Open EntusiastaIApy opened 3 months ago

EntusiastaIApy commented 3 months ago

Hello, @b4rtaz!

I'm trying to run model nkpz/llama2-22b-chat-wizard-uncensored on a cluster composed of 1 Raspberry Pi 4B 8 Gb and 7 Raspberry Pi 4B 4 Gb, but, both on inference and chat modes, distributed llama throws the following error. Do you know why this is happening and how to fix it?

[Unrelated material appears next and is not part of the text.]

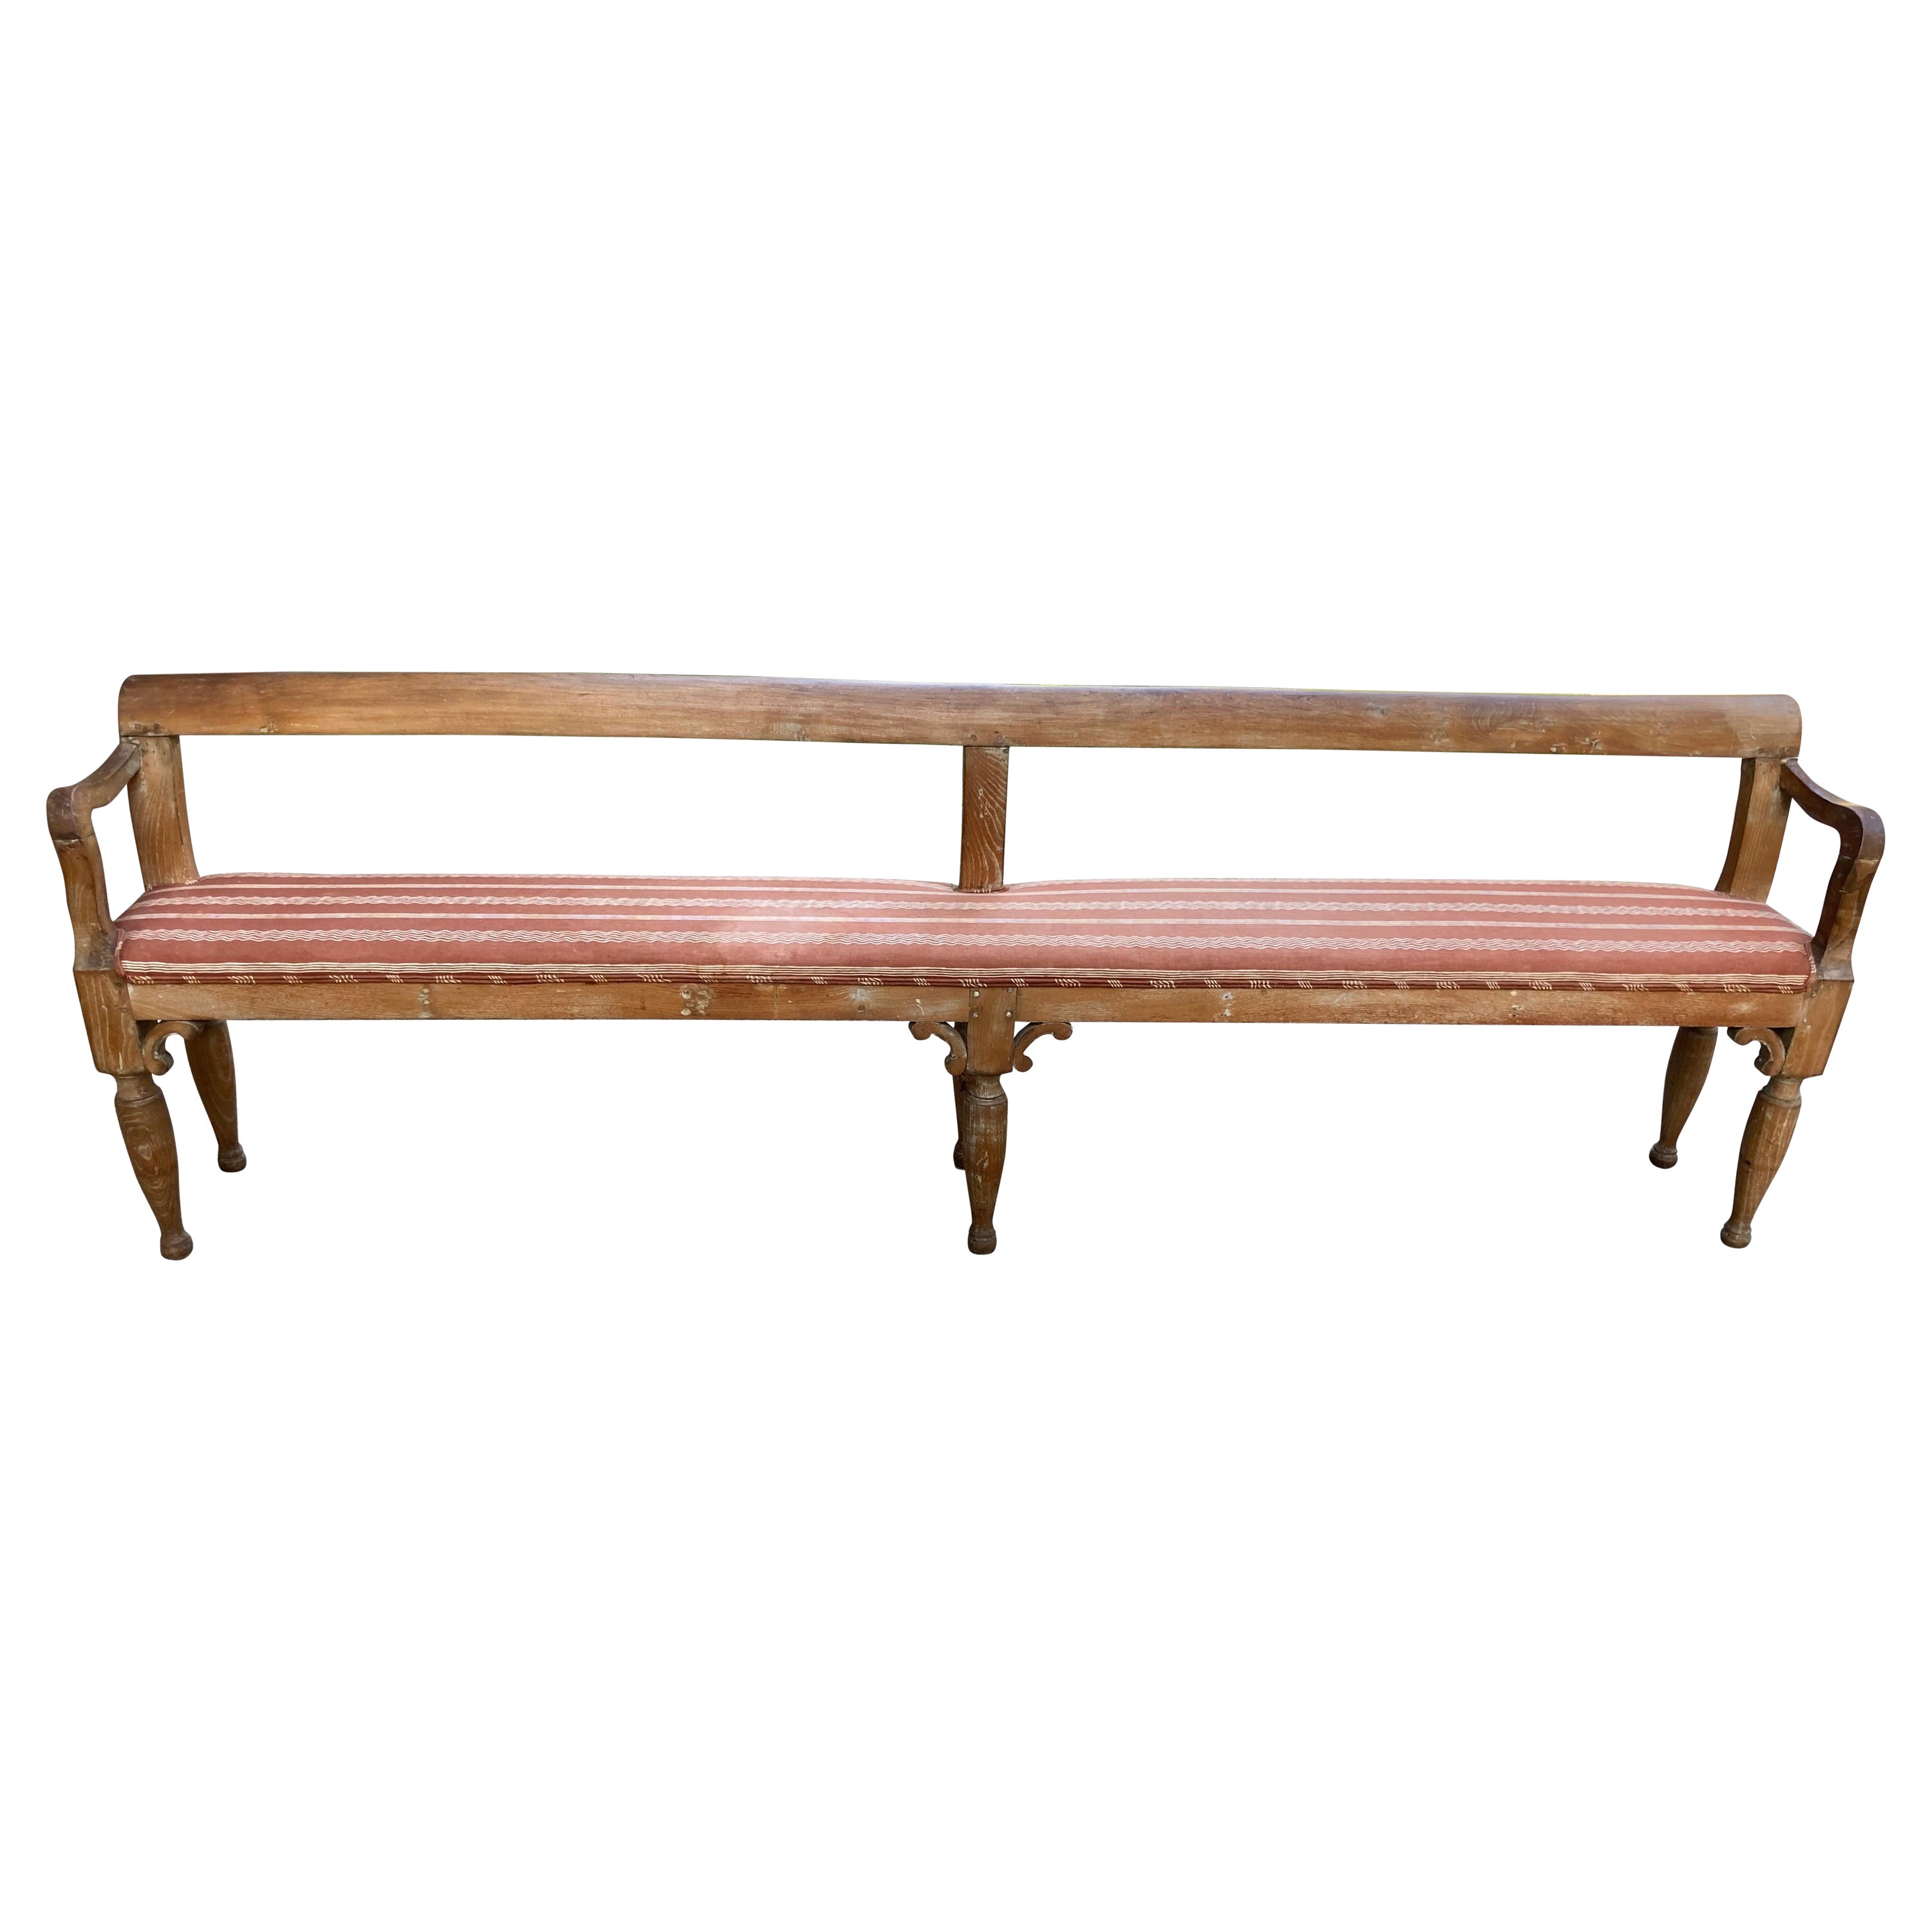 Very Long Upholstered Rustic Bench
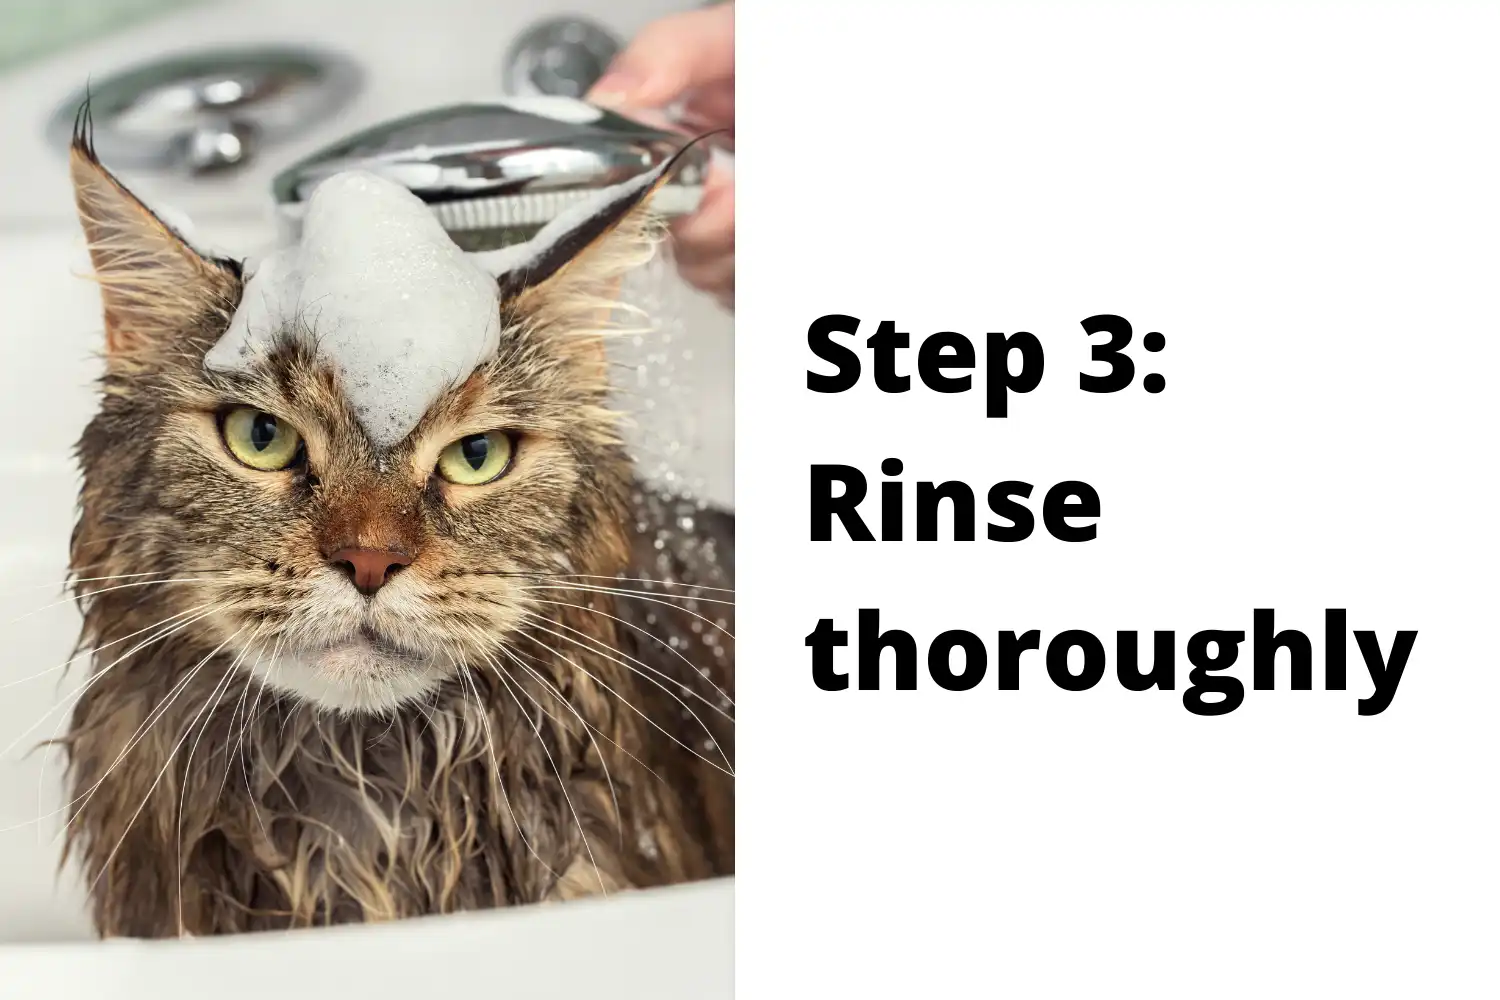 How to Bathe A Cat? - Step 3: Rinse thoroughly

llama2-22b-chat-wizard-uncensored_q40_8nodes_switch_sdcard_inference-error

b4rtaz commented 2 months ago

Hello @EntusiastaIApy,

I think the problem is that: "num_attention_heads": 52 The current implementation expects that this number can be divided by the number of nodes without remainder.

52 / 8 => 6 remainder 4

This is basically a bug.

Different-Pranav commented 3 weeks ago

I am facing a similar kind of issue. I am trying to run TinyLlama in the dllama environment. I am using 2 worker nodes of 8 GB ram each but it throws a similar kind of error. Screenshot 2024-09-13 200436

b4rtaz commented 3 weeks ago

@Different-Pranav you are using 3 nodes (root + 2 workers). You should try with 2 nodes (1 root + 1 worker) or 4 nodes (1 root + 3 workers).